ASSIGNMENT: Restate the whole listing below word for word and keep the images out.

START DATA PROVIDED

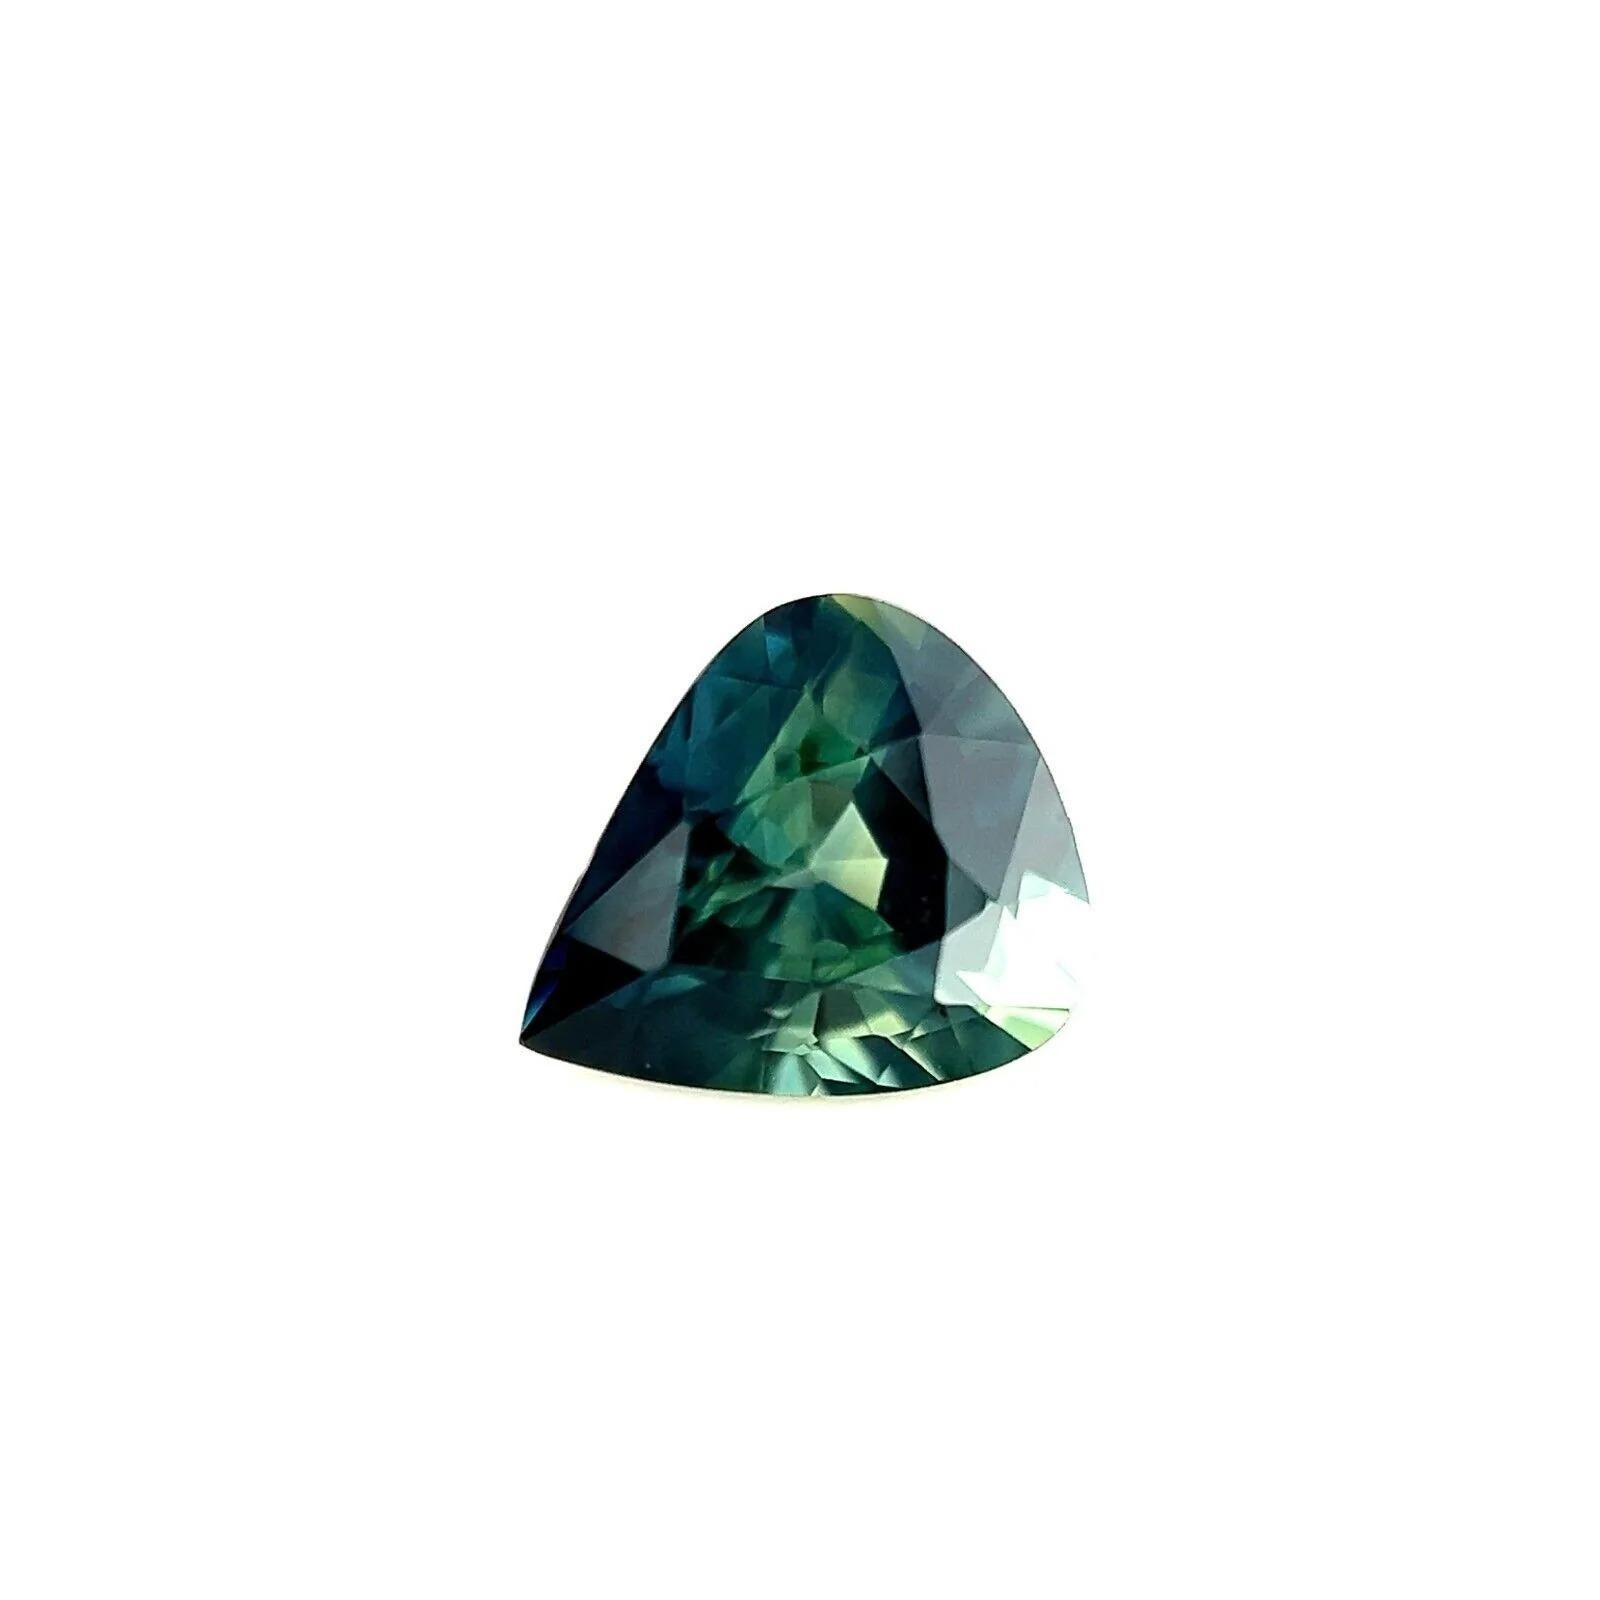 0.86ct Saphir australien de couleur Parti Sapphire vert bleu taille poire VVS Gem 6.2x5.4mm

Fine pierre précieuse saphir naturel australien de couleur partielle.
0.86 Carat avec une belle et unique couleur bleu parti vert. Une pierre unique et
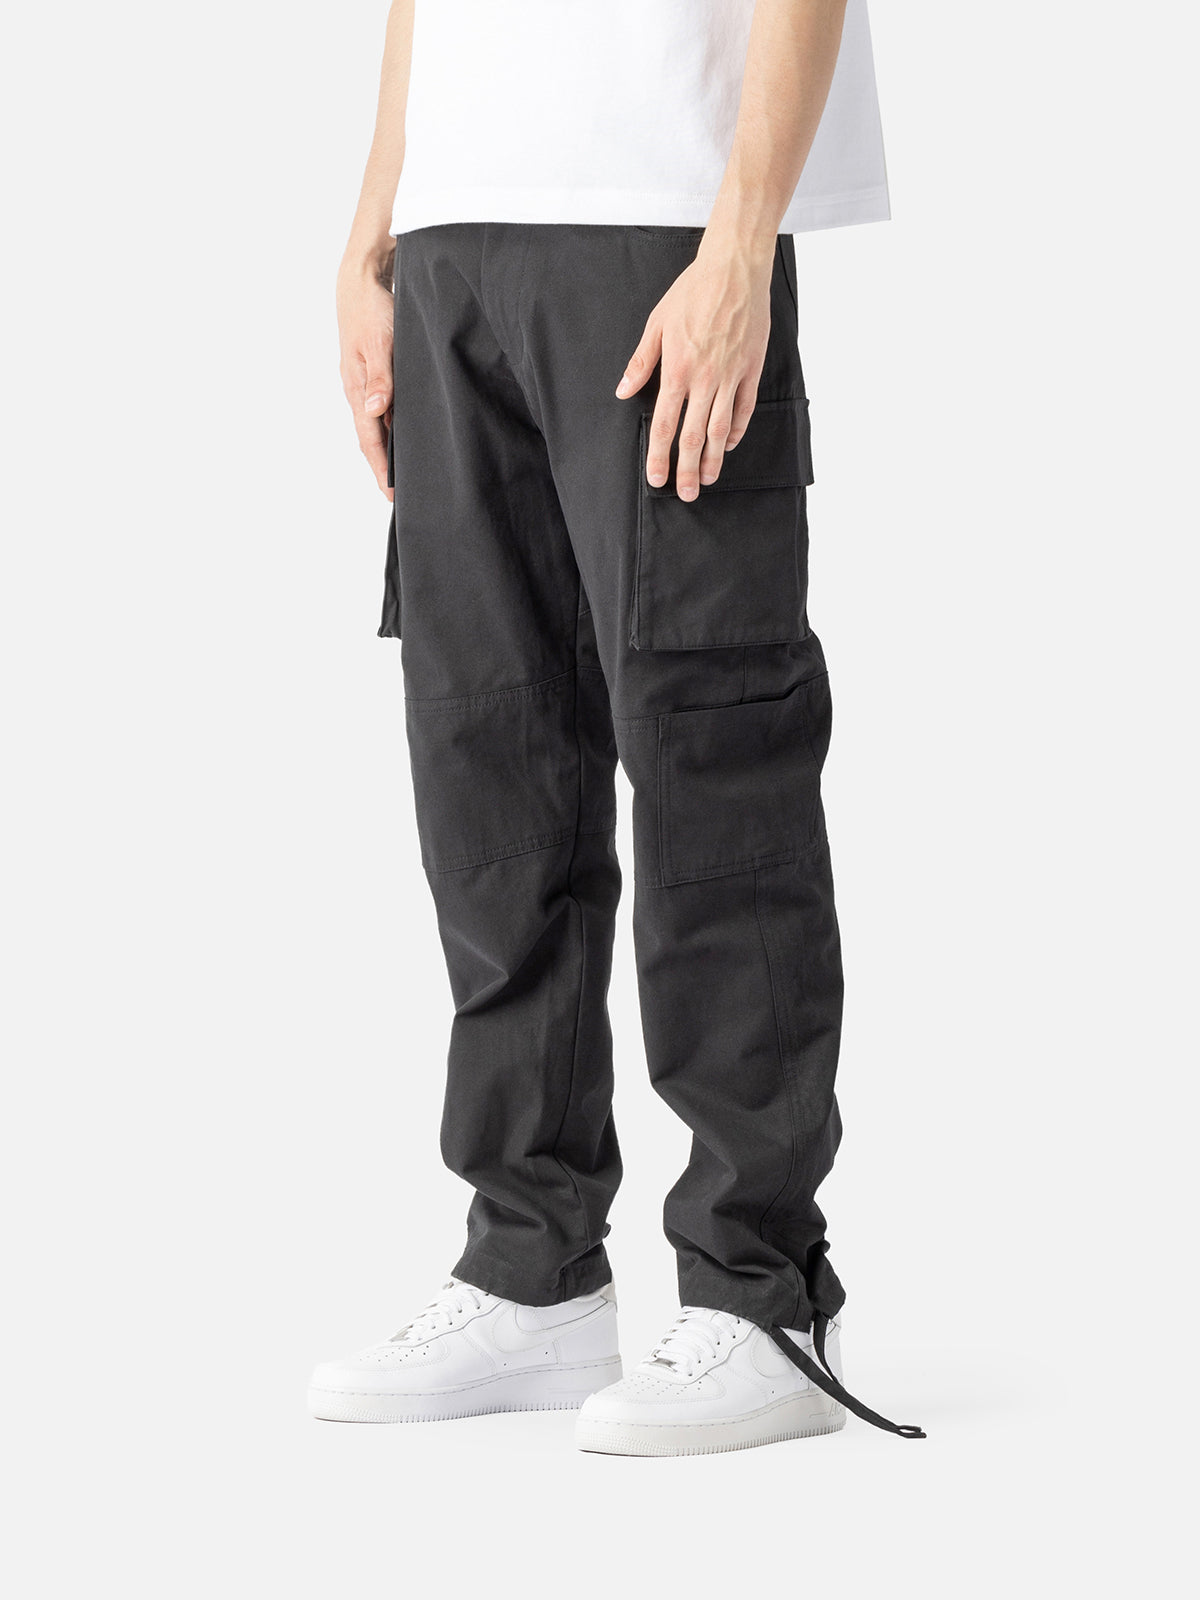 Cargo Jeans V1 in Black - ShopperBoard

END DATA PROVIDED

ANSWER SPACE:
 0.86ct Saphir australien de couleur Parti Sapphire vert bleu taille poire VVS Gem 6.2x5.4mm

Fine pierre précieuse saphir naturel australien de couleur partielle.
0.86 Carat avec une belle et unique couleur bleu parti vert. Une pierre unique et
 Cargo Jeans V1 in Black - ShopperBoard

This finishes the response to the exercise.